立花理香 デビュー・ミニアルバム『Flora』リリース記念インタビュー

立花理香 デビュー・ミニアルバム『Flora』リリース記念インタビュー

──「赤いアネモネ」はさらに懐かしい歌謡曲っぽいメロディーが艶やかなダンスポップです。

立花 アネモネの花言葉は〈儚い恋〉で、この曲は大人の恋の儚さですね。今回の収録曲の中でいちばん最初に決まった曲なんですよ。旋律に懐かしさもあるし、カッコよさもあるし、もう直感的に好きです!という感じで。

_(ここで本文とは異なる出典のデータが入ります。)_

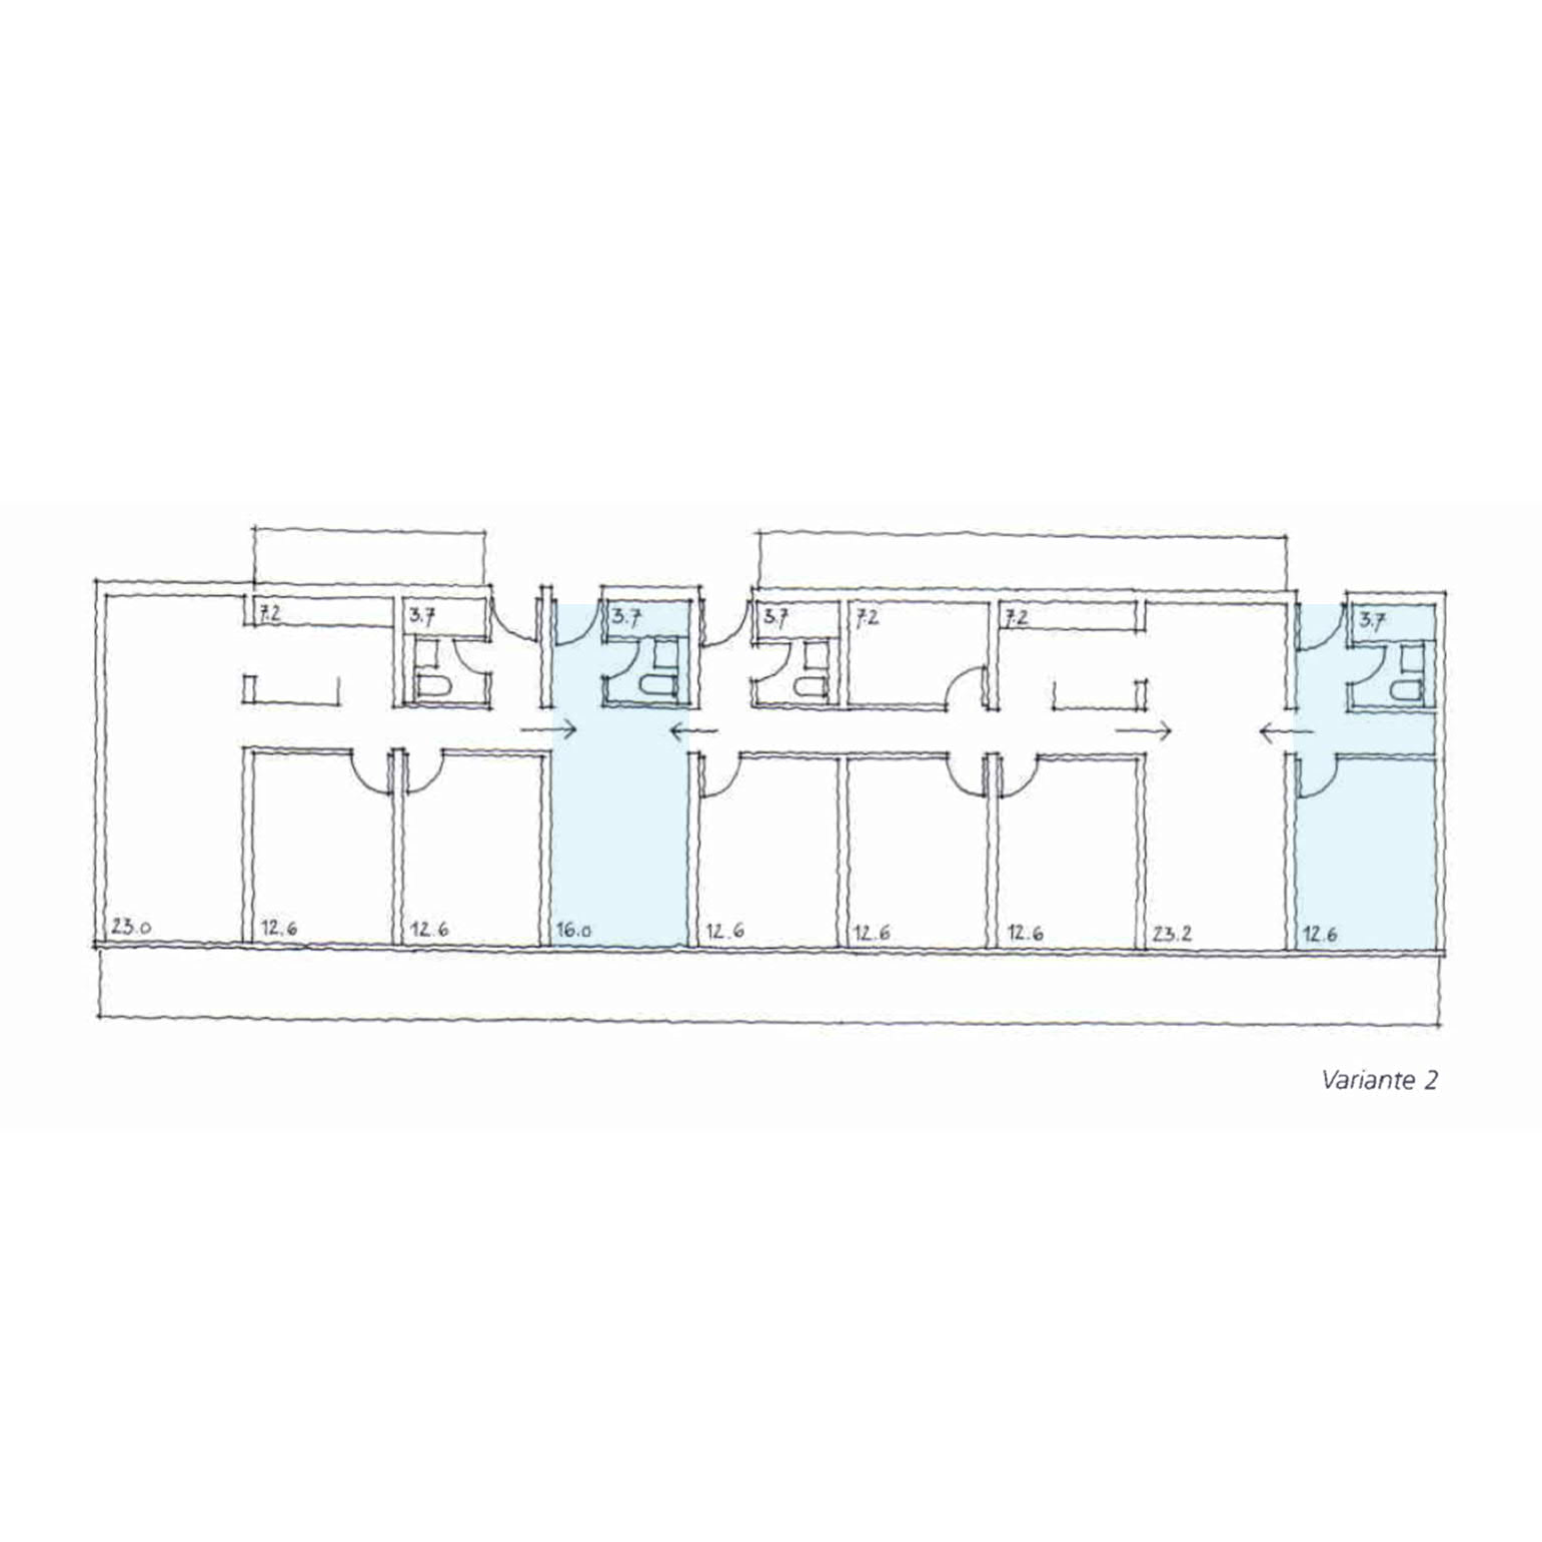 Ackermannbogen, Grundriss mit Einliegerwohnungen, farbig markiert

──こういう懐かしい感じの曲が好きだったりするのですか?

立花 もちろん新しい曲も好きなんですけど、今回はいろいろな曲を入れたかったし、せっかくデビューさせていただくのであれば〈立花理香だからこそ〉と言える曲もあればと思ったんです。それで私だからこその曲を考えたときに、私はバンドさんも歌謡曲も好きなんですけど、元々アイドルさんが好きで、特にモーニング娘。さんのプラチナ期と呼ばれる時期がすごく好きなんですよ。

──ああっ!なるほど。

立花 プラチナ期の楽曲はいい意味で辛気臭いところがあって、だからこそ歌詞も刺さるし、その時期にいらっしゃったメンバーさんのパフォーマンスはもう抜群にカッコイイんですよ。そこを尊敬する部分が私の中にすごくあったので、この曲では憧れが出ちゃったのかもしれませんね。これをカッコよく歌うことができたなら、どれだけカッコいいんだろうと思っちゃって、欲が出てしまいました(笑)。

──アーティスト活動においては自分が情熱を持って〈やりたい!〉と思うことをやるのが大切でしょうからね。

立花 そうですね。でも憧れるからといって、その人と同じことをするのかというとそれも違うと思うんです。じゃあそれを自分なりにどう表現するか、どうすればカッコよく見せられるかというのを噛み砕く作業というか。なのでこの曲は楽しかったですねー。個人的にすごくありがとうございます!という曲です(笑)。

──いまのお話でいろんなことが腑に落ちました(笑)。次の「Say Goodbye」は、趣きがガラリと変わって、別れを描いた切なくも清涼感のあるミディアムです。これは歌詞の中にも花が出てきませんが?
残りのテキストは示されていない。